The abandonment provision does the same. If a claimant voluntarily returns to their country of alleged persecution or is absent from Canada, the claim will be treated as abandoned.
Immediate effect for removal orders after a claim withdrawal adds another layer of pressure. Once a claimant withdraws, the removal order takes effect at once.
Advocates say those rules can have sharp consequences for vulnerable people with unstable housing, limited legal help or urgent family obligations outside Canada. Ministers, by contrast, have framed them as administrative tools aimed at moving cases more efficiently and reducing misuse.
The divide between those positions runs through nearly every part of the bill. Government ministers describe a system under sustained pressure that needs clearer controls and stronger enforcement tools.
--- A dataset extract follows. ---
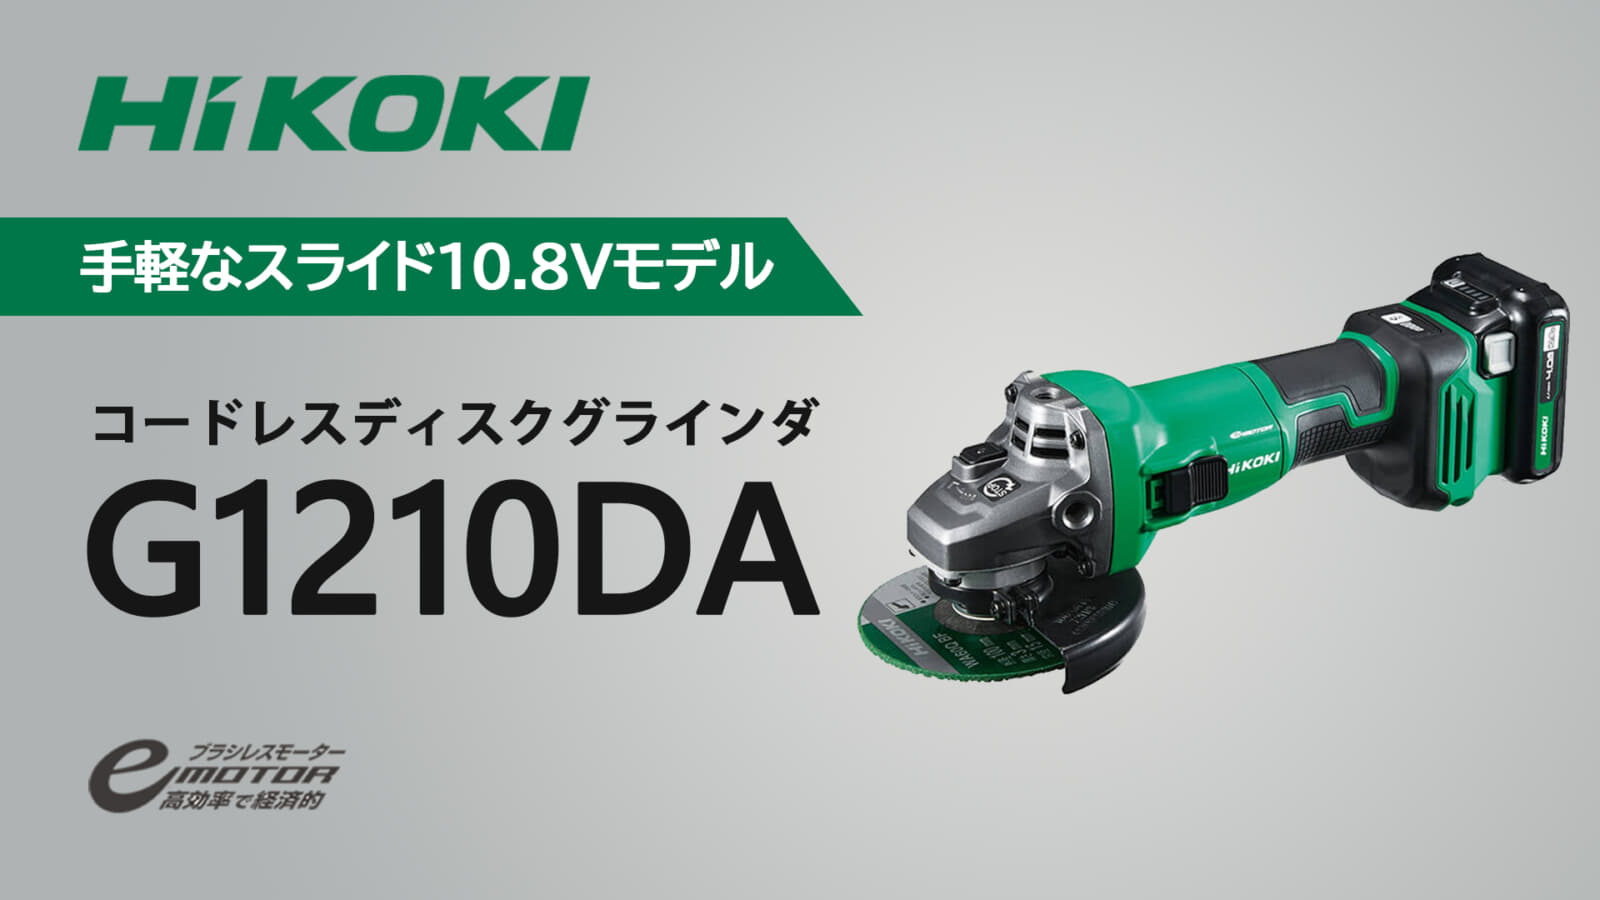 HiKOKI G1210DA コードレスディスクグラインダを発売、コンパクトな 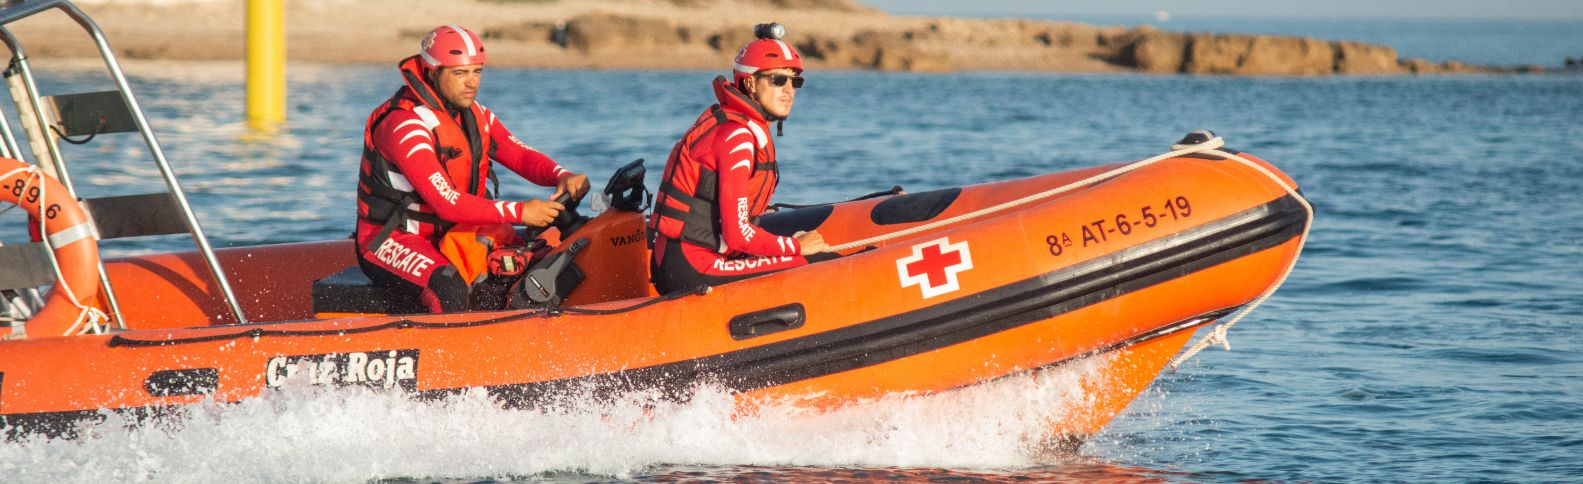 Cruz Roja inicia la temporada de verano con presencia en más de 225 playas

Refugee and migrant rights groups describe a legal shift that narrows access to protection and pushes more people into a weaker screening process.
Impact on temporary residents and data sharing
The dispute extends beyond refugees to temporary residents and applicants in other immigration streams. Because Bill C-12 allows the government to pause or cancel classes of work permits, study permits and permanent resident visas, critics say the law reaches far beyond asylum and could reshape how Ottawa manages immigration during periods of political or operational pressure.
Expanded data sharing between Immigration, Refugees and Citizenship Canada and other agencies, including government-owned corporations, has added to those concerns. Rights groups say wider information-sharing can raise risks for migrants and applicants whose cases already depend on sensitive personal details.
What affected applicants are advised to do
For people affected by the new restrictions, the immediate advice is practical rather than political. Ineligible claimants and affected applicants are advised to consult IRCC guidance or legal experts.
That matters because individual circumstances may still receive consideration, including cases involving unaccompanied minors. As Bill C-12 moves from legislation into day-to-day enforcement, those case-by-case outcomes may determine how far the Strengthening Canada’s Immigration System and Borders Act reshapes access to protection in Canada.